Raw ──> Disasm ──> MIR ──> HIR ──> Surface
bytes opcodes mid high source
The rungs are defined once in disrobe-ir as Rung::{Raw, Disasm, Mir, Hir, Surface} and are the same for Python bytecode, JVM classfiles, .NET CIL, Lua chunks, WebAssembly, and native binaries.
Rung 1: Raw
The original bytes, exactly as received, wrapped in an envelope with its detected format and BLAKE3 root recorded. Unpacking and decryption passes (UPX unpack, PyArmor decrypt, PyInstaller extract, container extraction) operate at this rung: they take raw bytes and emit raw bytes that are structurally cleaner but still pre-disassembly. This is where byte-exact recovery lives: a UPX-unpacked image at the Raw rung carries the original executable code (.text) and exception data (.pdata) bit-for-bit, with only the loader-rebuilt relocations and IAT (resolved by the OS loader at run time, never stored in the packed file) left as residual.
Rung 2: Disasm
The artifact decoded into a per-instruction listing: CPython opcodes, JVM bytecode, CIL, Lua VM instructions, Wasm operators, or native machine instructions via Capstone/iced-x86/yaxpeax. Disassembly is faithful and lossless: a 1:1 decode of the bytes, with offsets preserved. disrobe py disasm, disrobe beam disasm, disrobe as3 disasm, and disrobe pickle disasm all stop here deliberately.
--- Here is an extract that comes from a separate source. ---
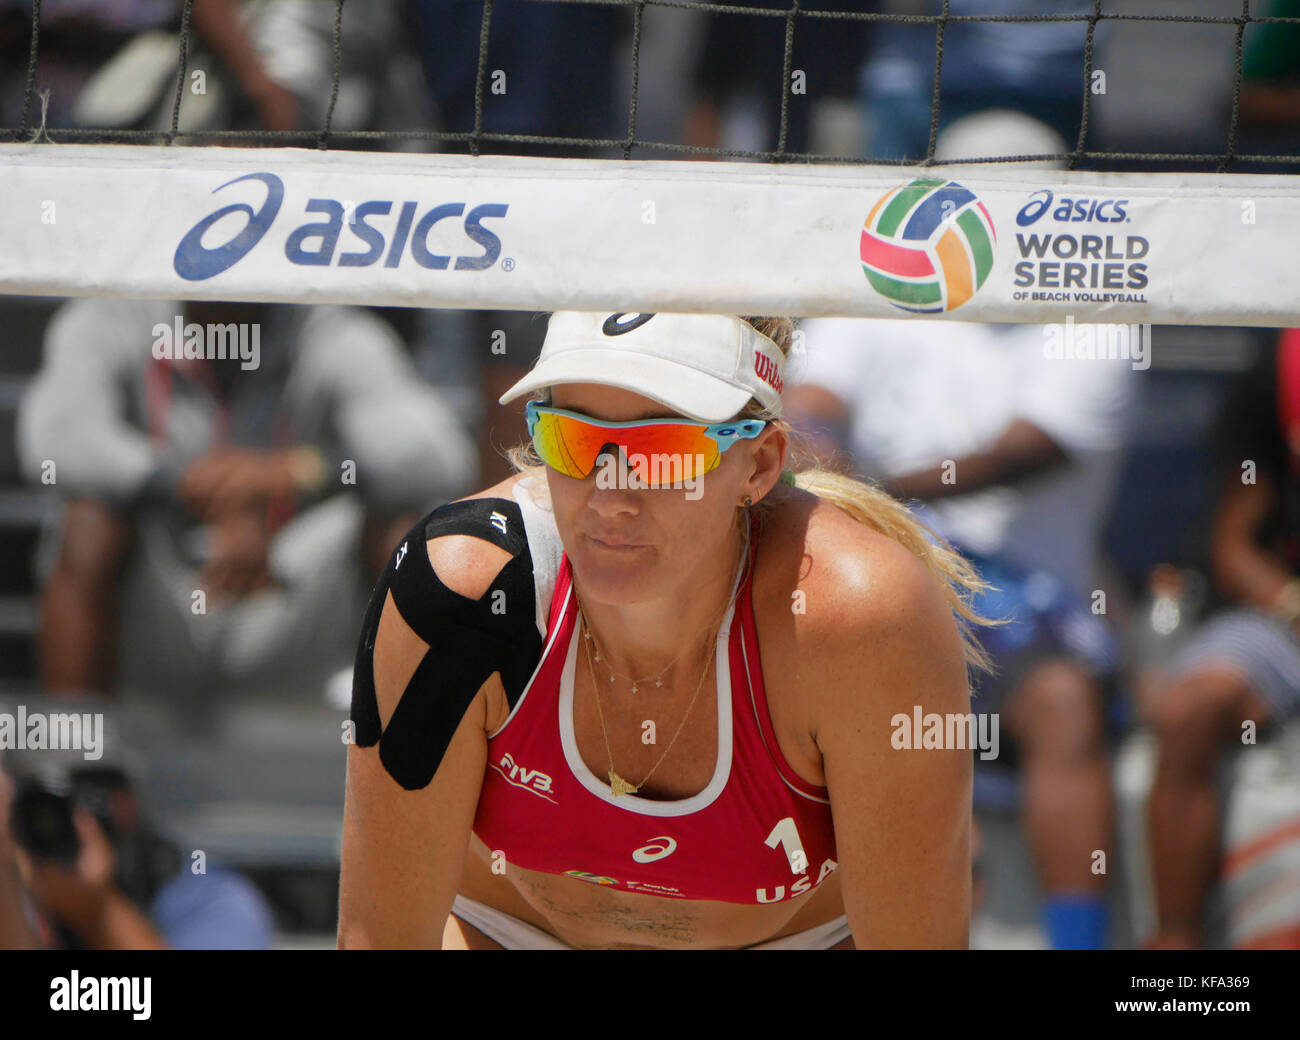 Pro volleyball player Kerri Walsh Jennings at the net at the ASICS World Series of Beach Volleyball on August 23, 2015 in Long Beach, California. Photo by Francis Specker Stock Photo

Rung 3: MIR (mid-level IR)
A normalized, control-flow-aware representation: basic blocks, an explicit CFG, stack effects resolved, super-instructions un-fused, jump targets relocated. This is the rung where decompilers do the structural work that separates a faithful disassembly from readable source. For Python specifically, the frame-tree pre-pass runs here: the nested source-construct tree is reconstructed from the 3.11+ exception table before the instruction walk, which eliminates the single-pass stack-walker desync that other Python decompilers suffer from.
Rung 4: HIR (high-level IR)
Structured control flow recovered: loops, conditionals, try/except/finally, with-blocks, comprehensions, pattern-match arms, generator state machines. Names, types, and idioms are recovered where the source language has them (Kotlin idiom recovery from JVM bytecode, C# vs F# vs VB shapes from CIL). The HIR is language-shaped but not yet rendered as text.
Rung 5: Surface
The final rendered source: Python, Java, Kotlin, C#, F#, VB, Rust, TypeScript, WAT, C, Lua, Erlang, or whatever the target dictates. For Python this is where the round-trip metric runs: the emitted file is recompiled on the matching interpreter and compared opcode-for-opcode against the original. The verdict is recorded as PERFECT (byte-identical), SEMANTIC (same program, different layout), or CODE_DIFF (a real bug, fixed before ship).
Why the ladder matters
- Composition. Because a pass only declares "I take rung N, I produce rung N+1," the chain runner can stitch passes from different crates without any of them knowing about each other.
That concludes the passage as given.